CASE PRESENTATION:  An 83 year old man, with a past medical history significant for coronary artery disease with coronary artery bypass graft 20 years previously, a left nephrectomy for renal cell carcinoma with chronic renal insufficiency, and gastric arteriovenous malformations, presented to the emergency department with complaint of hemoptysis. Computed tomography and magnetic resonance imaging confirmed the presence of a large, leaking saccular aneurysm of the descending aorta. In the operating room, an eight centimeter aneurysm with localized extension into the lung parenchyma with contained rupture was discovered. The affected segment was resected and aneurysmal wall was sent for microbiologic and pathologic assessment. The aorta was repaired with a 20 millimeter tube graft. The patient recovered and was discharged to home on the eighth postoperative day.
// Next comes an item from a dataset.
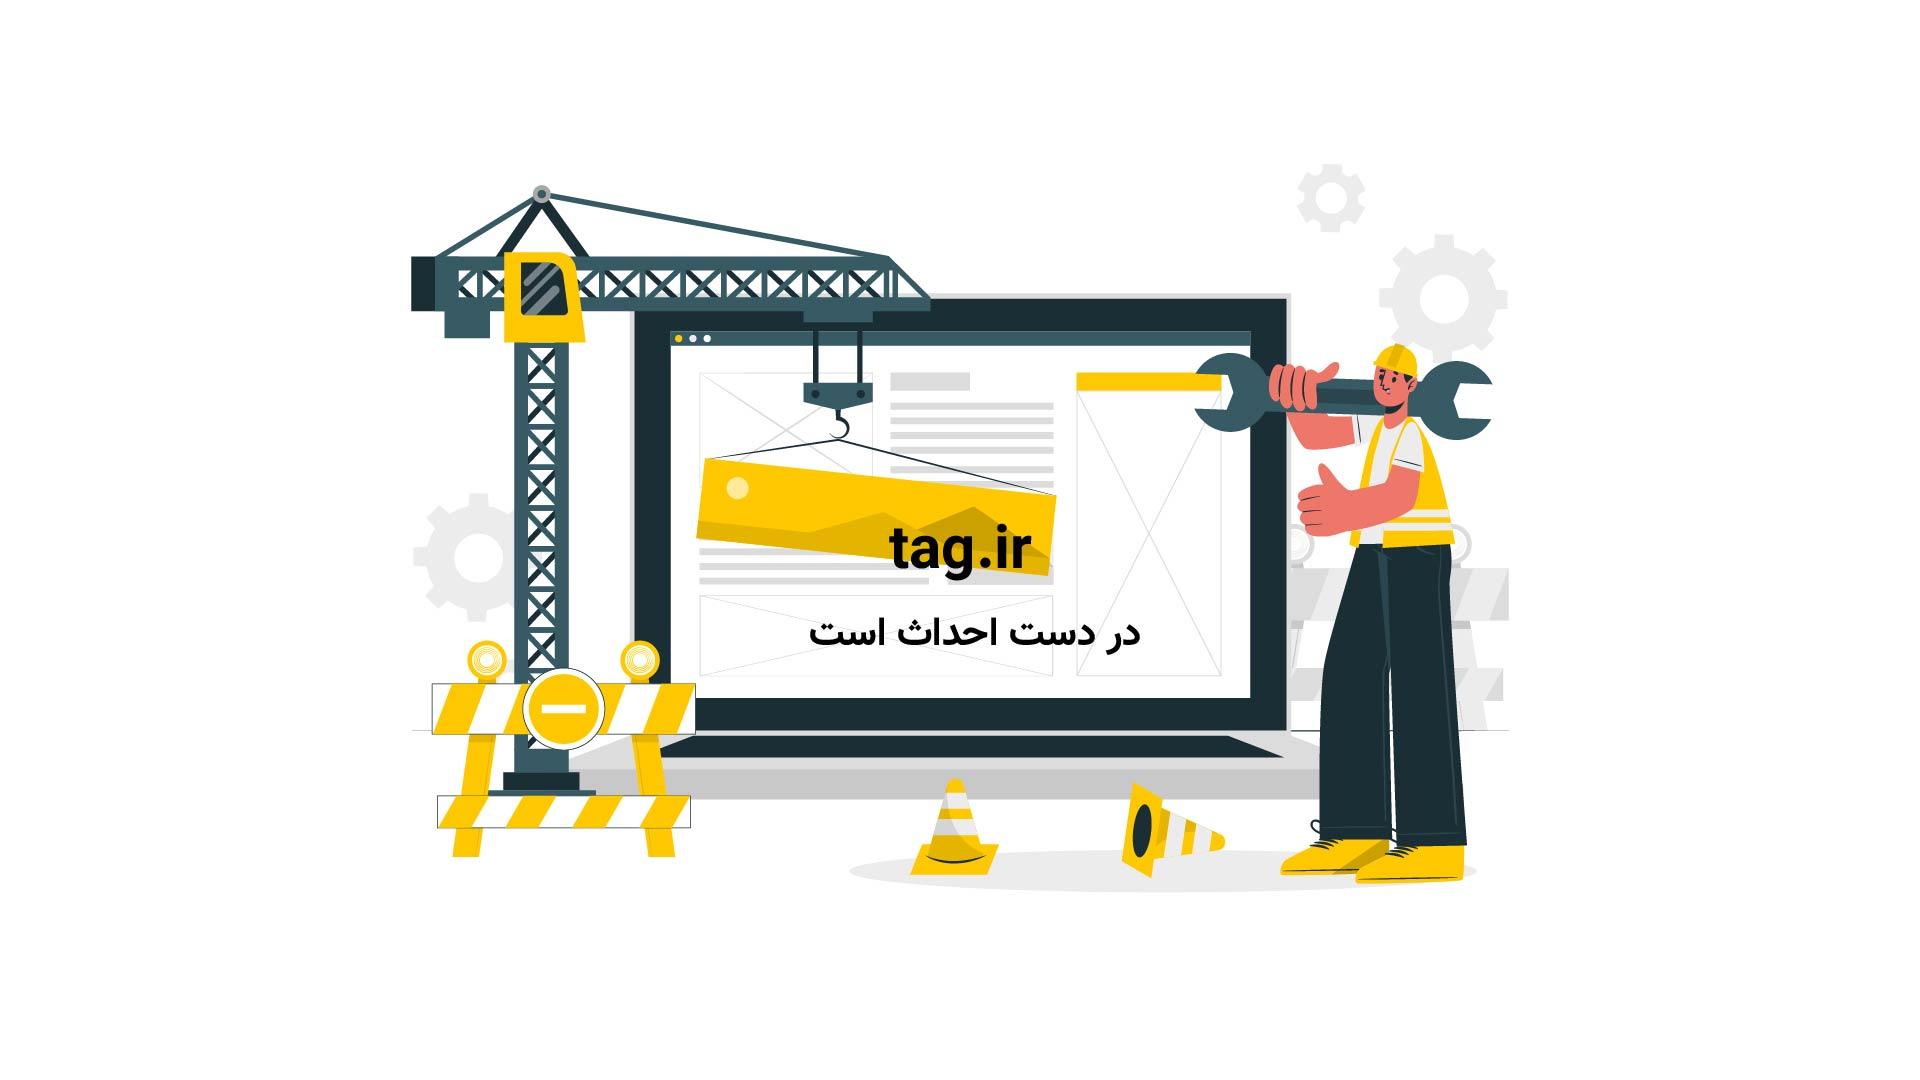 نماز رهبر معظم انقلاب در بین رزمندگان | تگ

DISCUSSIONS:  Microscopic examination of aortic wall tissue showed an area of transmural aortic necrosis with acute inflammation. Final microbiologic results were consistent with Listeria Monocytogenes and final pathologic diagnosis of Listeria aortitis was considered. However, examination was inconclusive as to the possibility of primary aortitis versus hematogenous spread of infection. Blood cultures drawn on the third postoperative day failed to yield the pathogen and a two-dimensional echocardiogram was negative for endocarditis.

CONCLUSION:  Aortitis can develop from an autoimmune or infectious cause. Among infectious agents, Staphylococcal Aureus and Salmonella are the most commonly implicated organisms. Opportunistic organisms are sometimes seen in intravenous drug abusers or immunosuppressed patients. From our review, this is one of fewer than 20 reported cases of Listeria Monocytogenes infected aneurysms worldwide, and illustrates the often aggressive course of such infection. Previous reports have noted that malignancy and immunosuppression are not predisposing factors as they are in other adult Listerial infections.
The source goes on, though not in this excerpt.